- [Exercise materials]

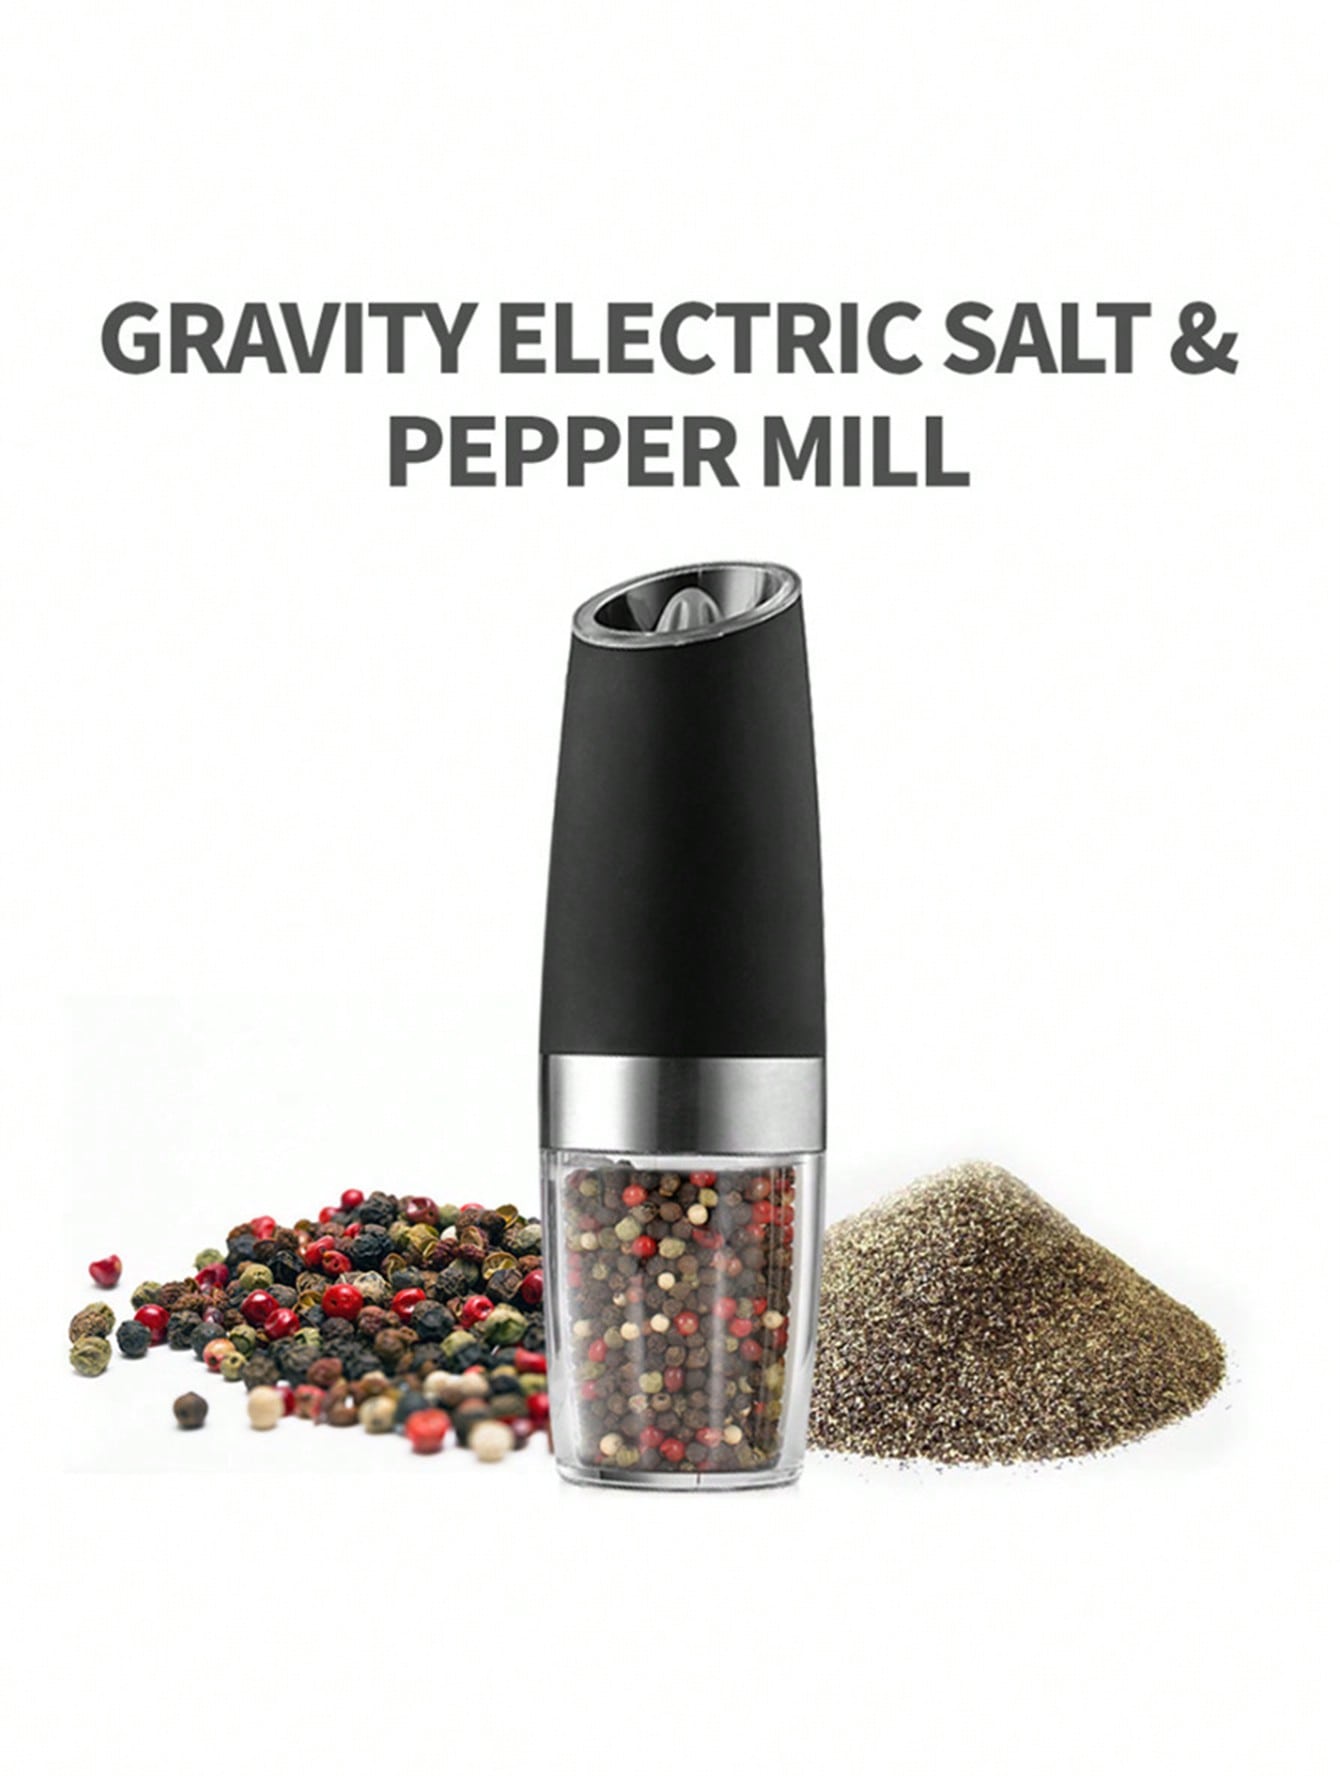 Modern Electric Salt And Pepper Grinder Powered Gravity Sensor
...
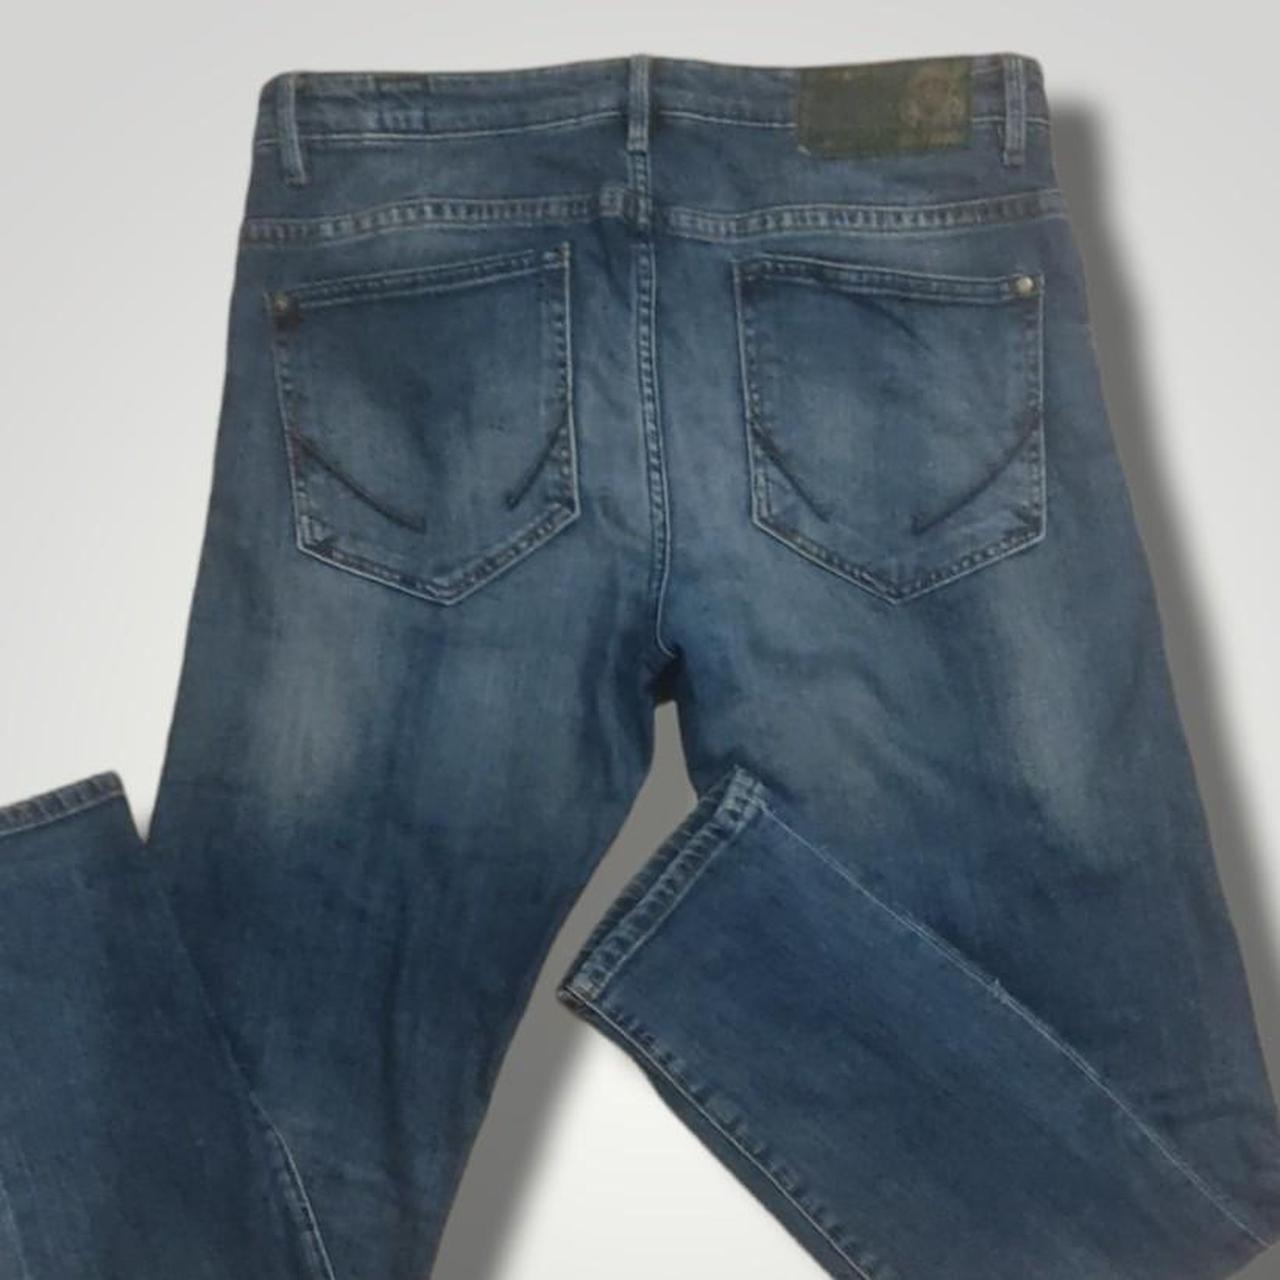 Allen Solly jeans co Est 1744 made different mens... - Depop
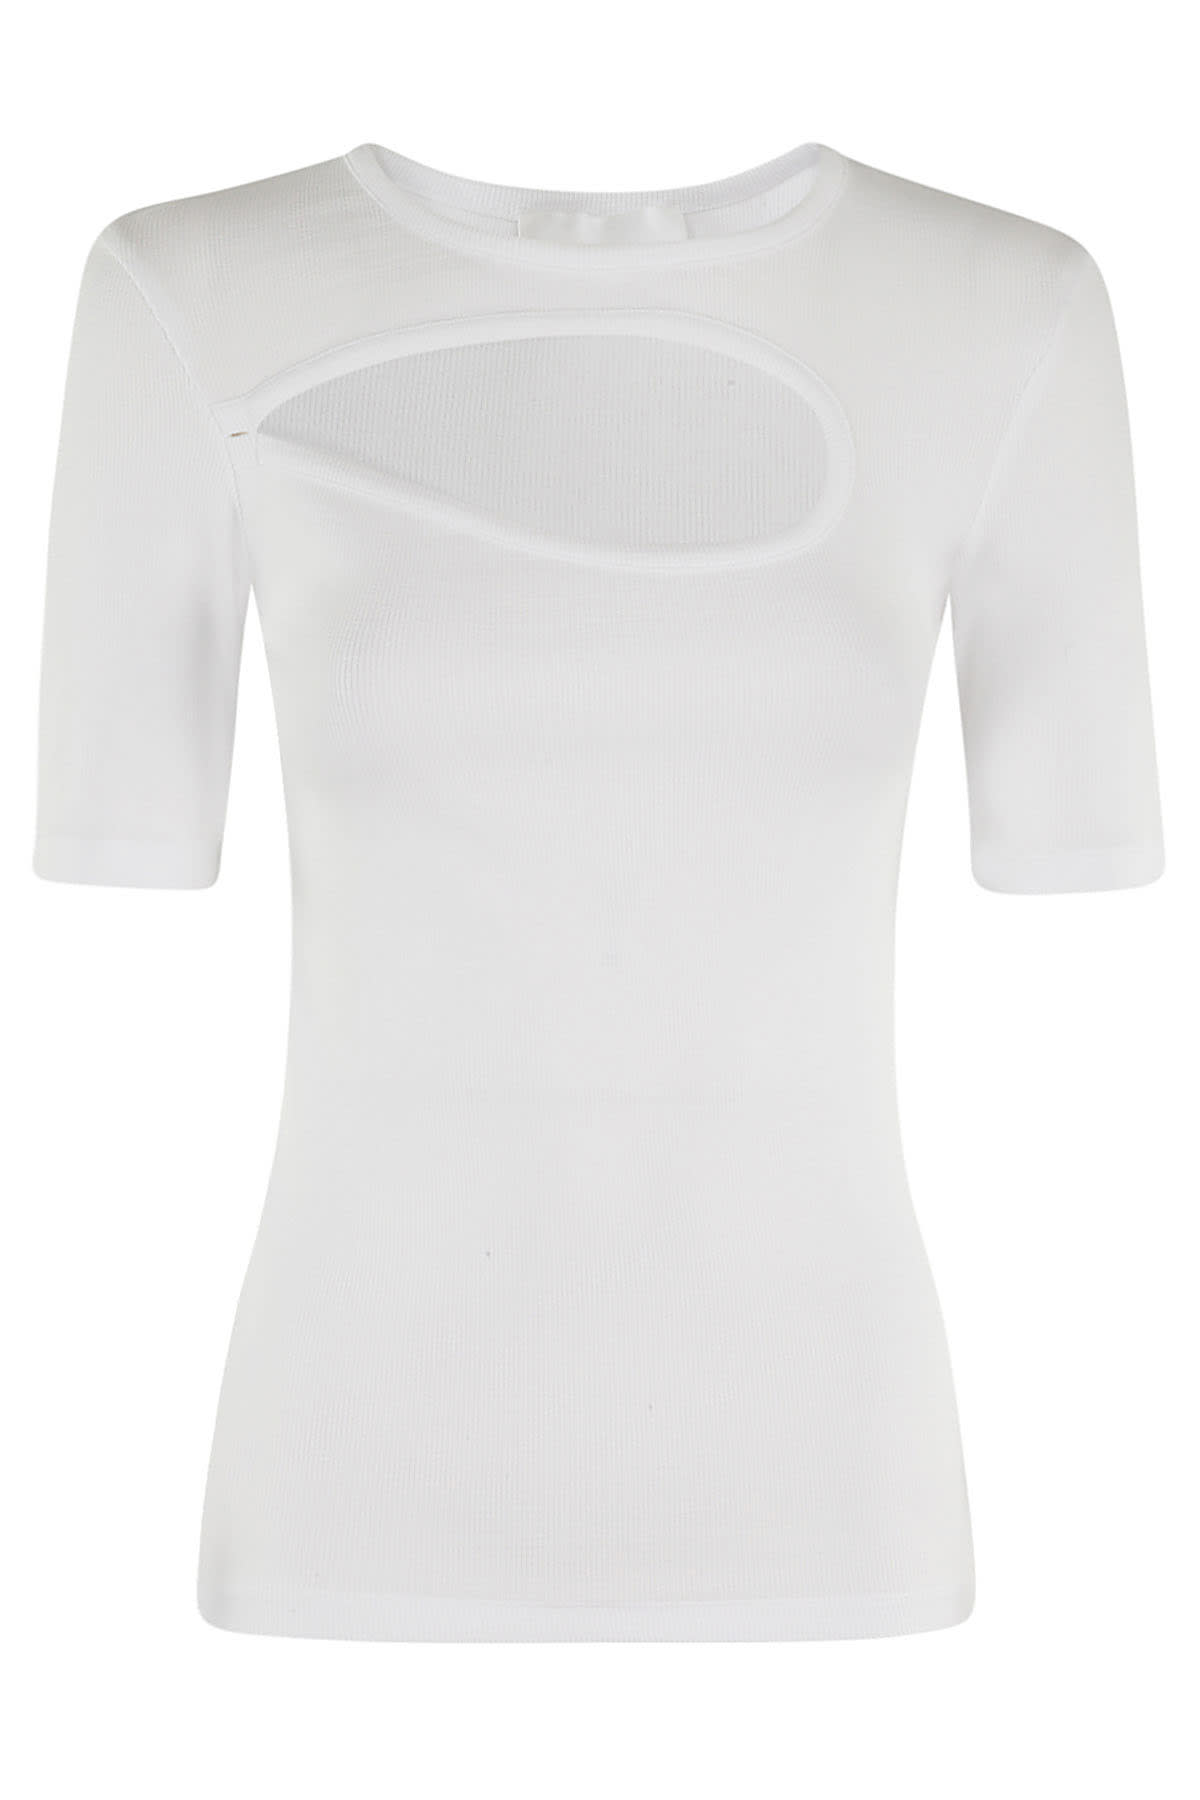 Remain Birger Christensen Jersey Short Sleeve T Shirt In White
* * *
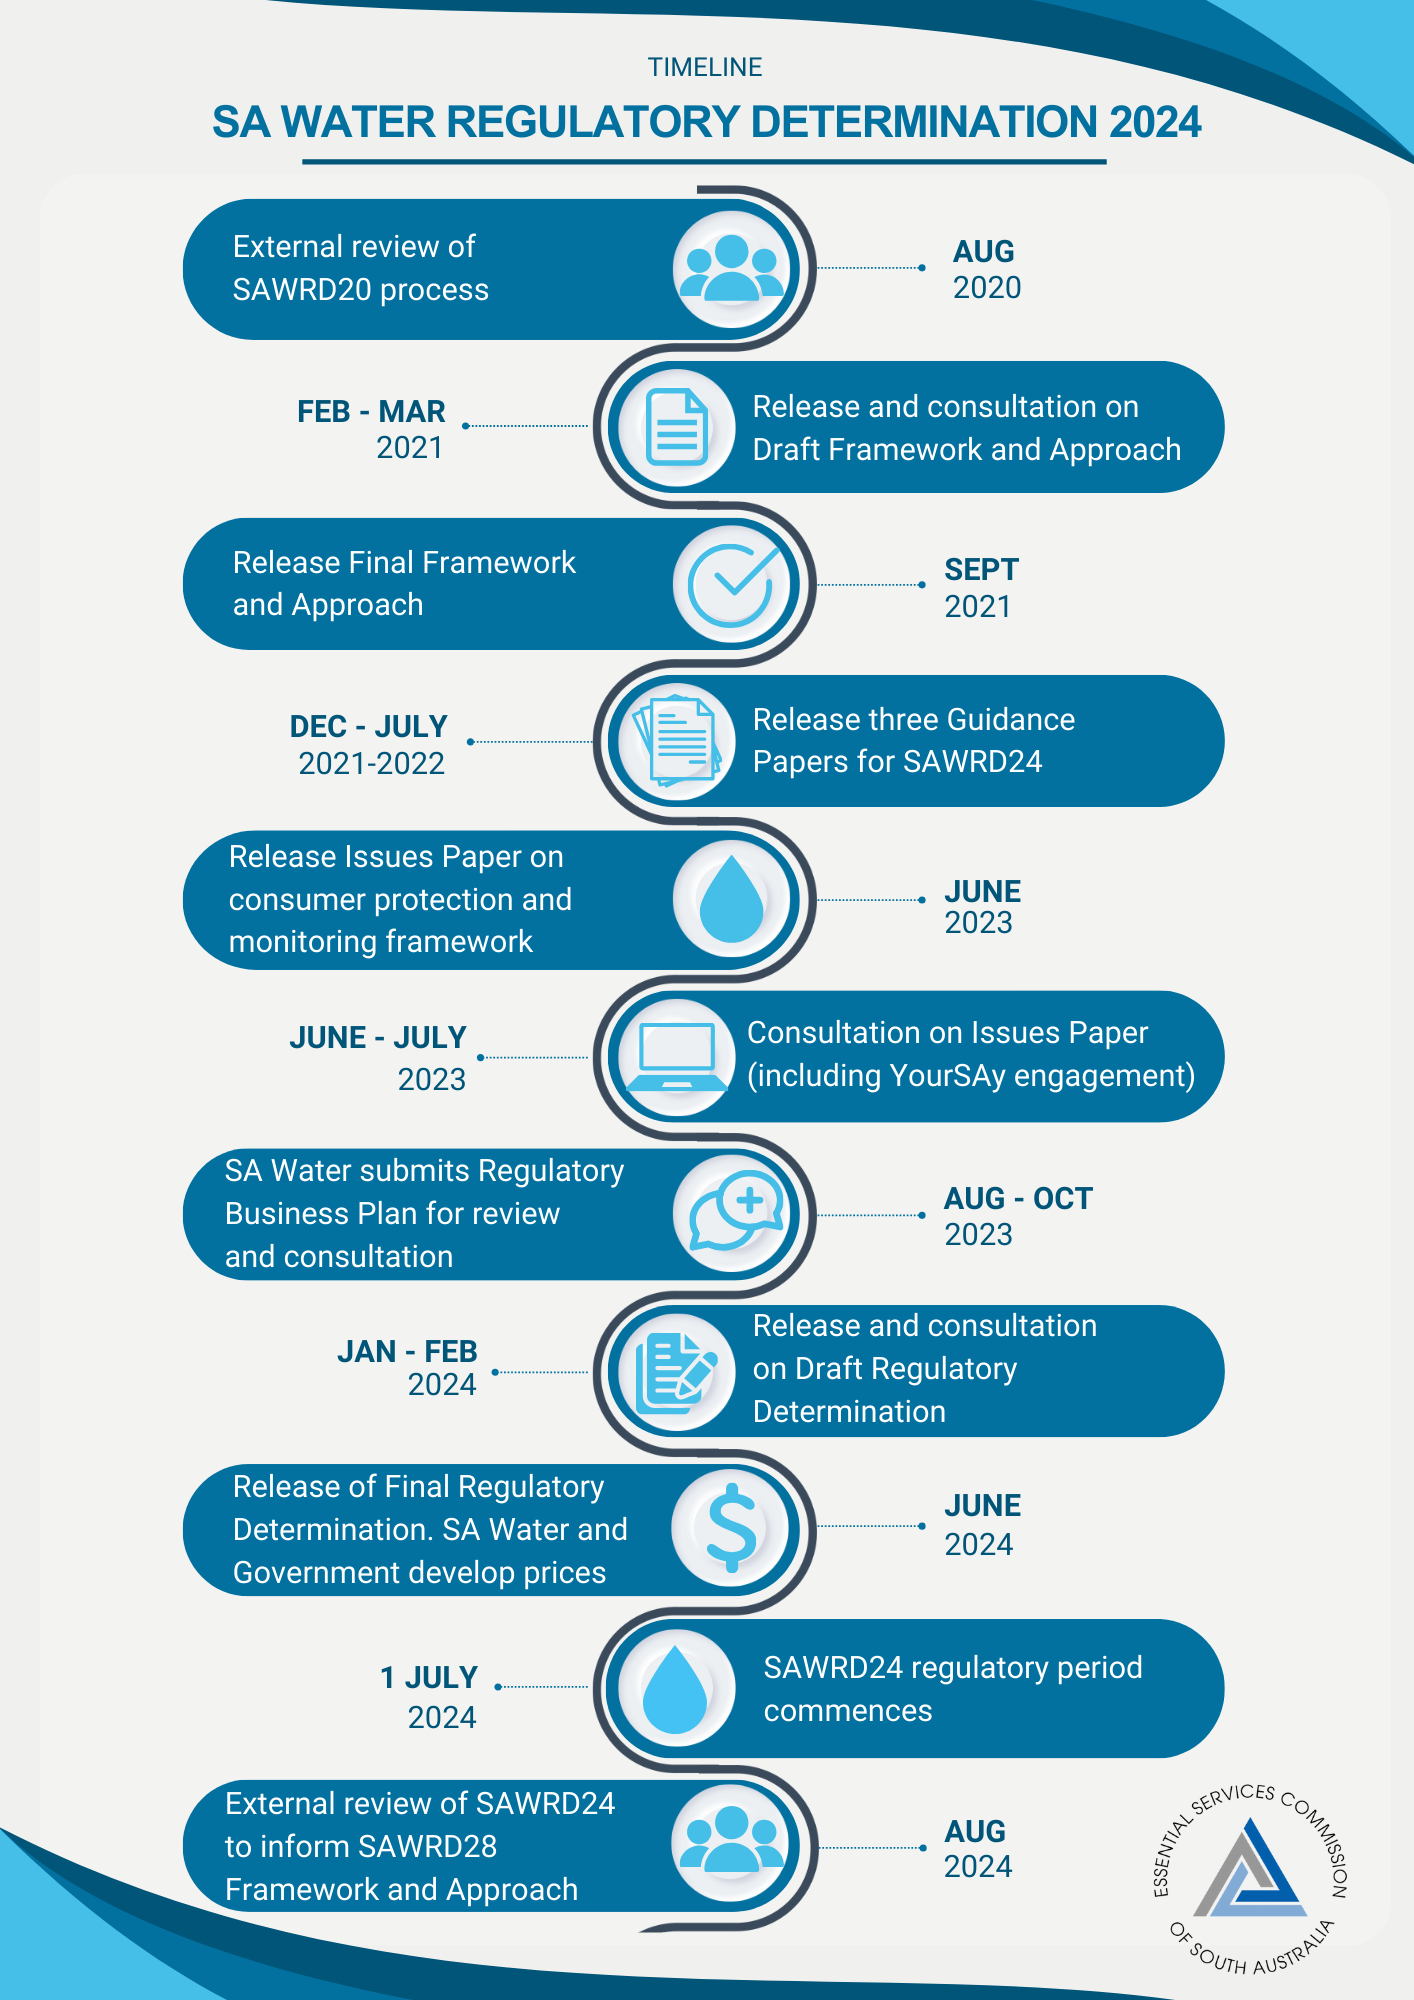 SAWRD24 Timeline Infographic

- [What is being asked] Precisely those lines above that run from the line with "Allen Solly jeans" up to and including the line with "Remain Birger Christensen" are to be set down, with the pictures omitted.

- [Response below]
 Allen Solly jeans co Est 1744 made different mens... - Depop
 Remain Birger Christensen Jersey Short Sleeve T Shirt In White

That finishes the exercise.